No doubt a new generation of iPhoners was ushered in over the holidays (except in New York City, sorry guys), and it's a safe bet many of them were ladies. And some ladies, when they are not buying shoes and talking about 1,001 Ways to Please Him with an Ice Cube and a Carrot and an Autographed Copy of Infinite Jest, use technology to make our lives better and easier and more interesting.

On top of that, some of us even enjoy technology. I mean, like two of us, because the rest of us are doing that ice cube thing and crying in bathrooms about our boyfriends and desperately trying to get pregnant with the first guy we can tie down. But if you are the other girl out there who likes technology, this list is for you: in lieu of the many available pandering, sexist apps, here are 10 iPhone apps that would actually make ladyhood more awesome.

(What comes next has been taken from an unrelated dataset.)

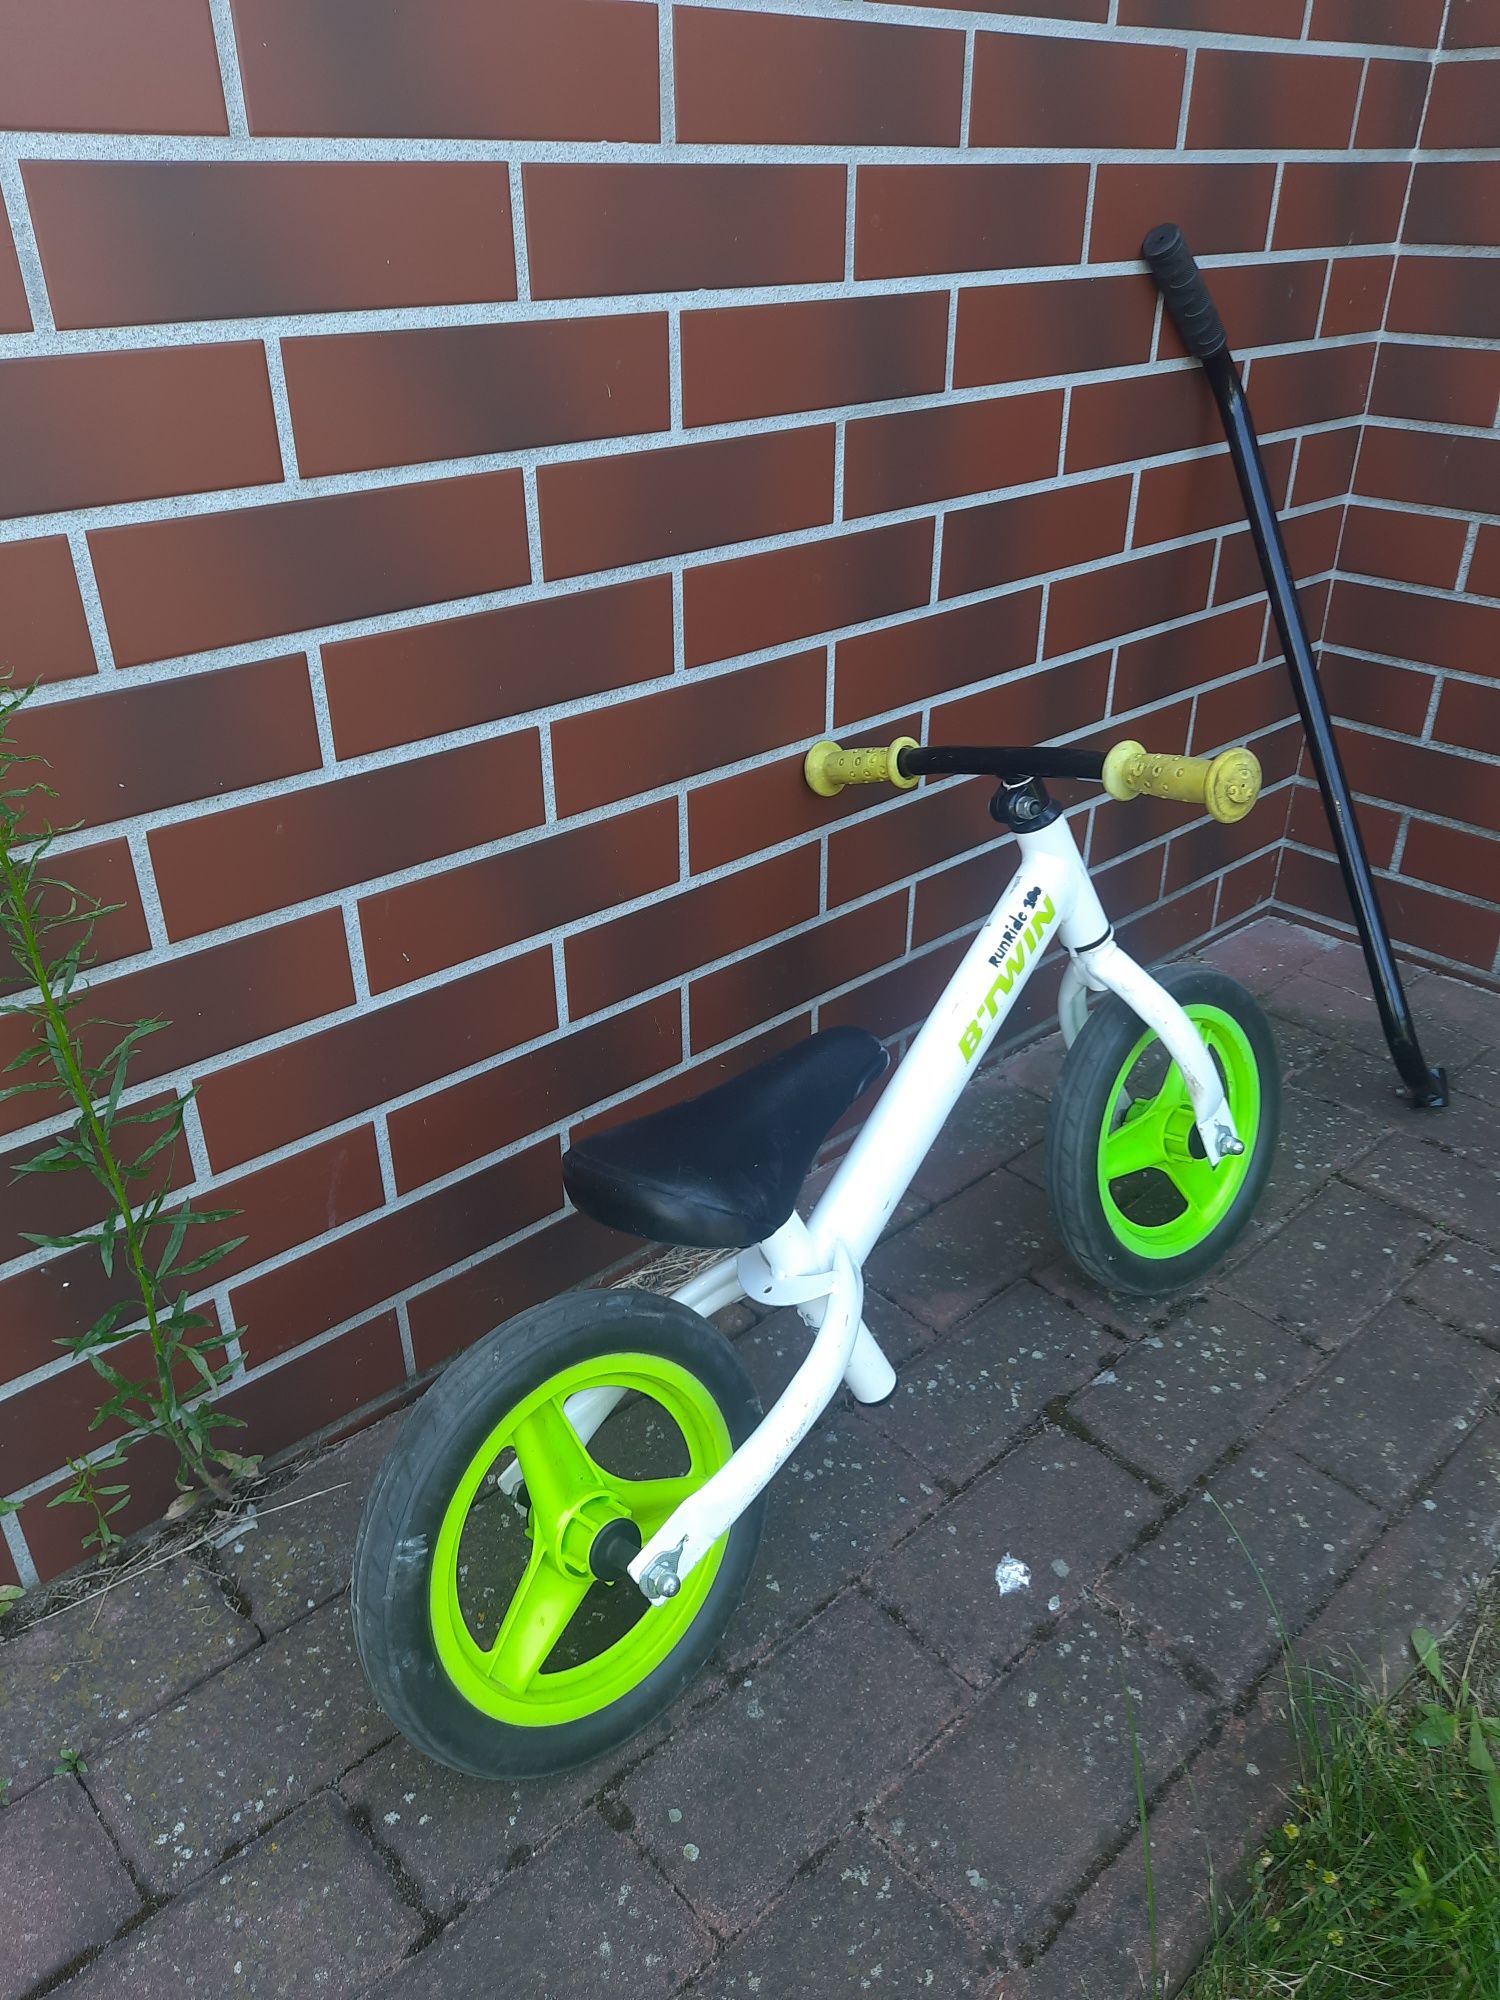 Rowerek dla dzieci
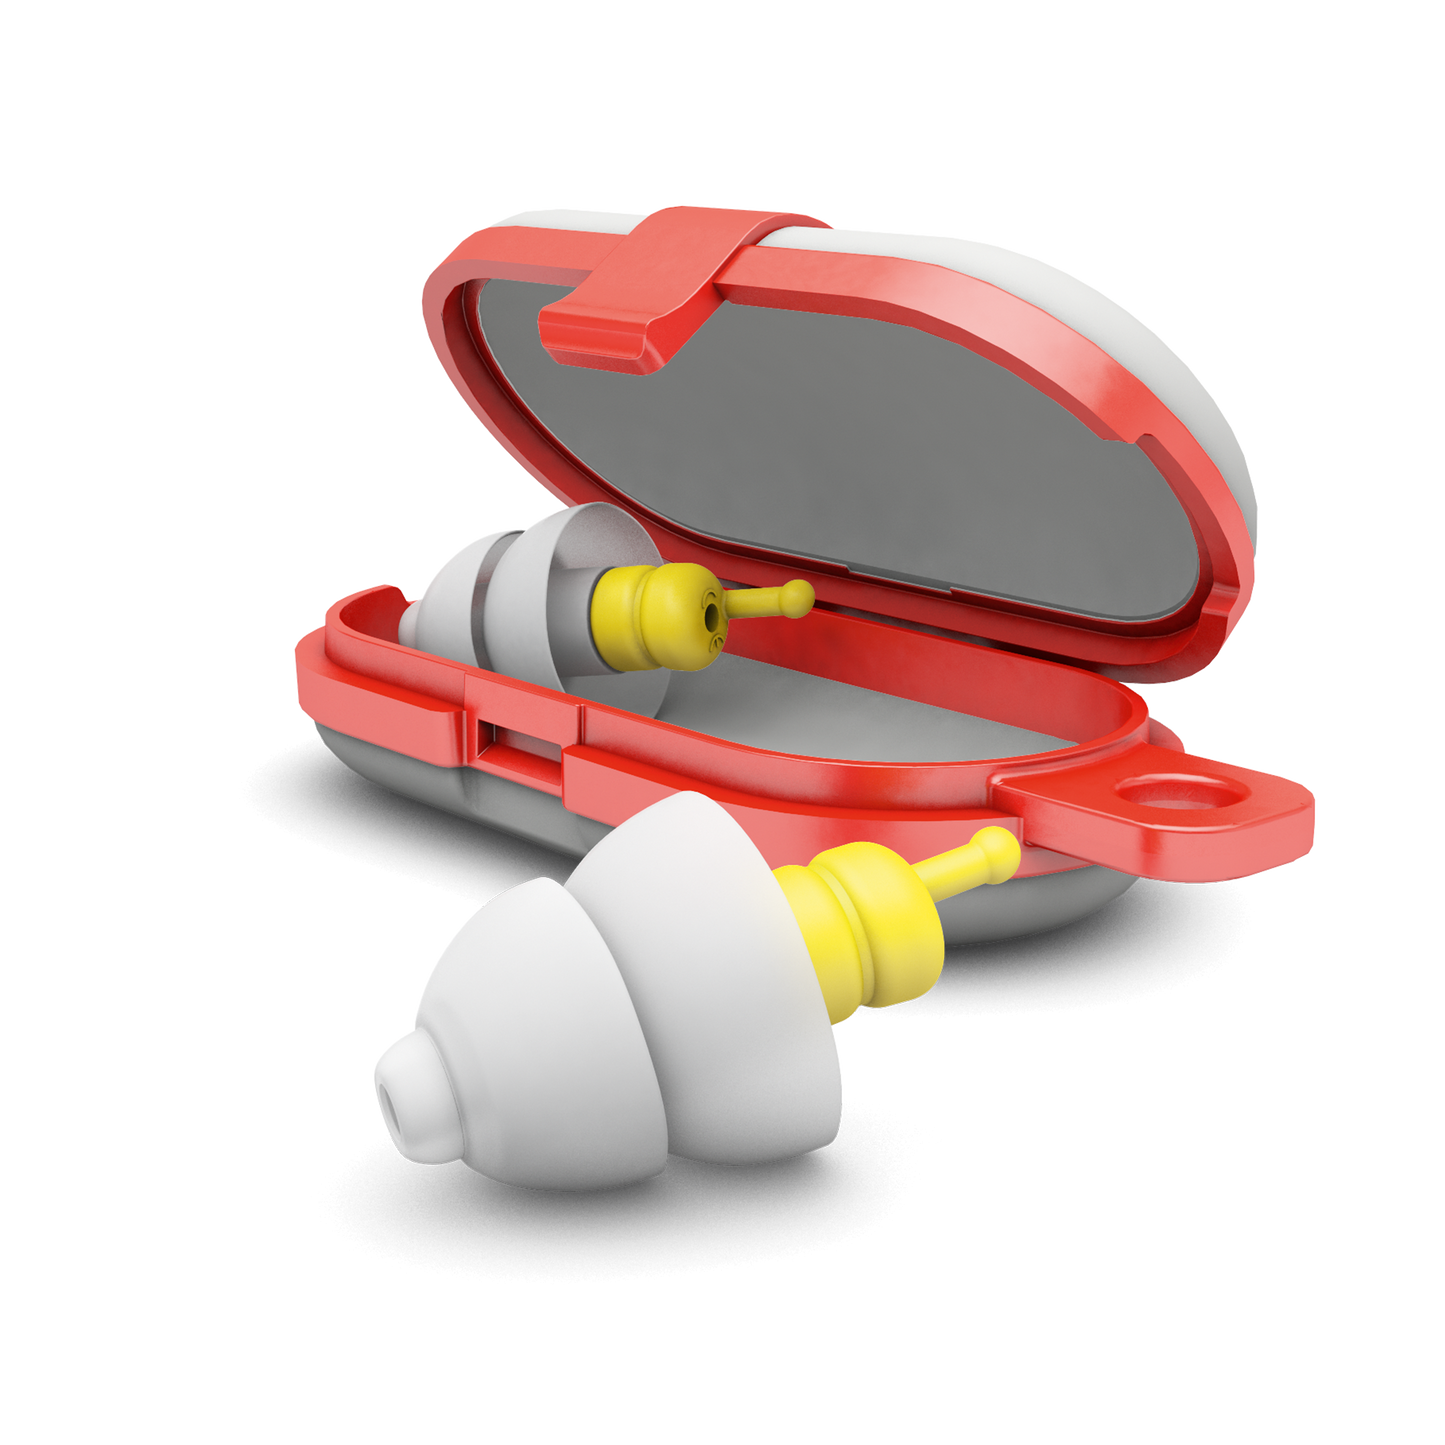 Gehoorbescherming voor tijdens het vliegen Alpine FlyFit Alpine hearing protection Oordoppen oorkappen beschermen uw oor red dot award vliegen reizen bescherming tegen lawaai vakantie druk op de trommelvliezen Drukregulerende filter

Developers, start your coding.

10. imFree: the app that tells me the second the last drop of my period is done with

This week saw the announcement of the WakeMate, an app with a little armband that keeps track of what's going on while you sleep. (In the scientific way, not the stalker way.) How about a similar one that tells me the very second my period packs up shop for the month? Full steam ahead to uninhibited sexytime and not stopping in the bathroom at every opportunity to see if I'm still dripping.

9. iRemember: the app that syncs with your hook-up's phone so you don't forget his name

You poured him a whiskey and put on the Marvin and you know he works downtown, but you kind of can't remember what his name is. Log in to iRemember on the pretext of, say, adjusting your playlist, and there he is! Mike! Hi, Mike! Little to the left, please!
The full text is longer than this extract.